The height of vallate papillae was 869.33 ± 132.72 µm, while the width was 1,440.67 ± 126.53 µm. However, the stratum corneum of the epithelium of the vallate papillae formed a very thin layer (Fig. 7B). Within the connective tissue core of the vallate papillae, mucous acini and serous acini of lingual glands were also present (Figs. 7B and 7C). The SEM study showed that the surface of vallate papillae was irregular, however some of them had a smoother surface (Fig. 8B). The annular pads around of the vallate papillae also had an irregular surface (Fig. 8B). Around the vallate papillae, small filiform papillae with several short secondary conical processes were observed (Figs. 9A and 9B). The remaining dorsal section of the root of the tongue was irregular and covered with small conical papillae and openings of the lingual glands (Figs. 10A–10C). The small conical papillae were not secondarily divided (Figs. 10A and 10B).

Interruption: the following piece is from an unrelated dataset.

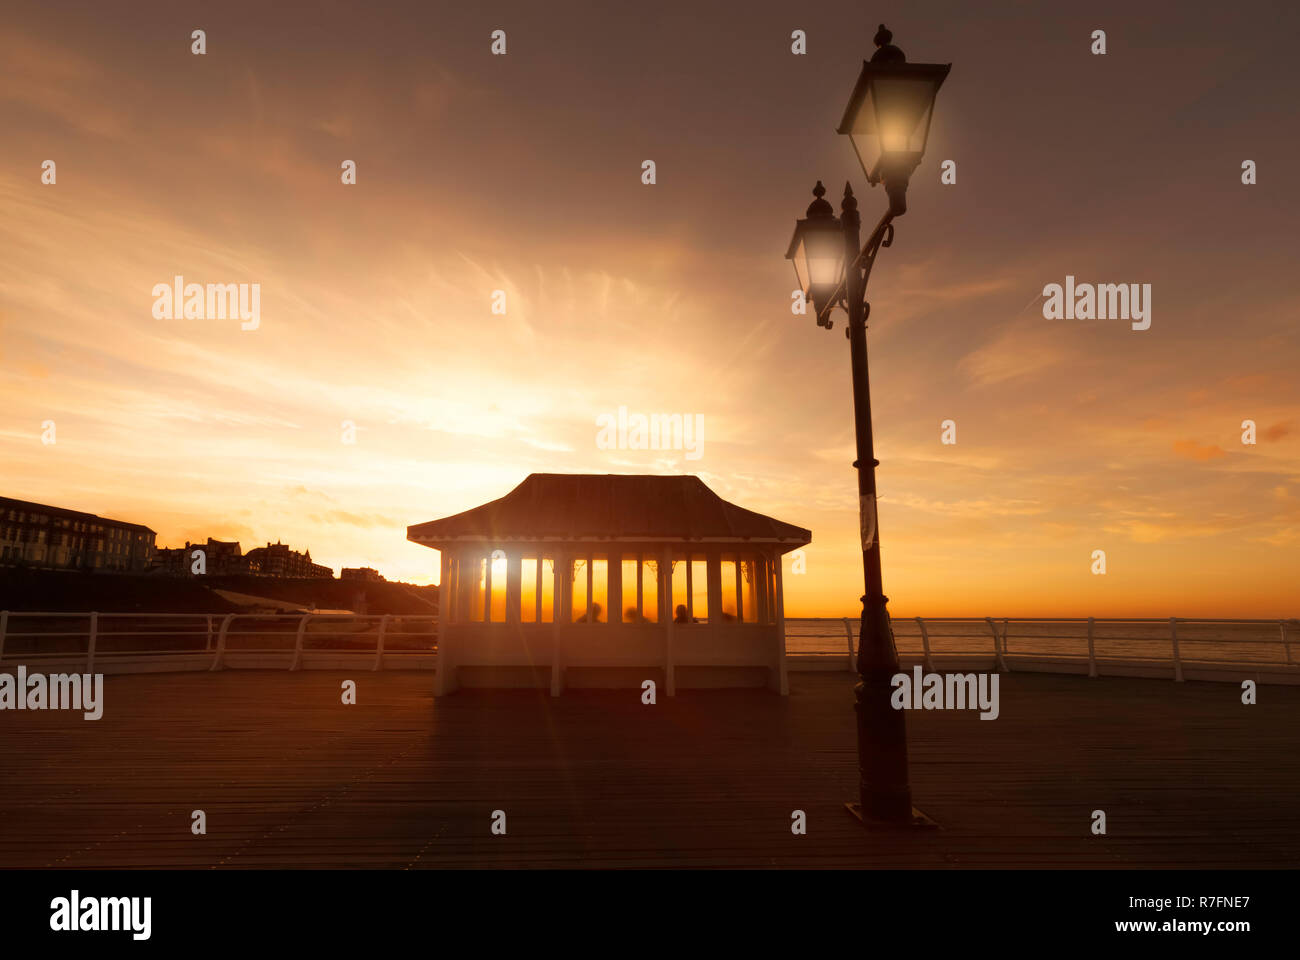 Historic victorian pier shelter at sunset with people in silhouette sat watching the orange glowing sun setting behand the horizon. Old lamp post give Stock Photo

Figure 8: Stereoscopic and SEM analysis of the vallate papillae of red panda (Ailurus fulgens f.).
(A) Dorsal surface of the root of the tongue with all 13 vallate papillae of male 2 of red panda. (B) Microstructure of the two vallate papillae–SEM analysis. (C) Magnification of the biggest oval in shape valate papilla with clear papillary groove around of the papilla. See the irregular dorsal surface of the vallum of the papilla. (D) Longitudinal cross section of the vallum of papilla with clear and deep papillary groove. Bar = 2 mm (A and B); Bar = 0.2 mm (C and D). Abbreviations: ap, annular pad with irregular surface; Fi, filiform papilla; Fu, fungiform papila; sCo, small conical papilla; Vp, vallate papilla; *yellow asterisk, groove of the vallate papilla.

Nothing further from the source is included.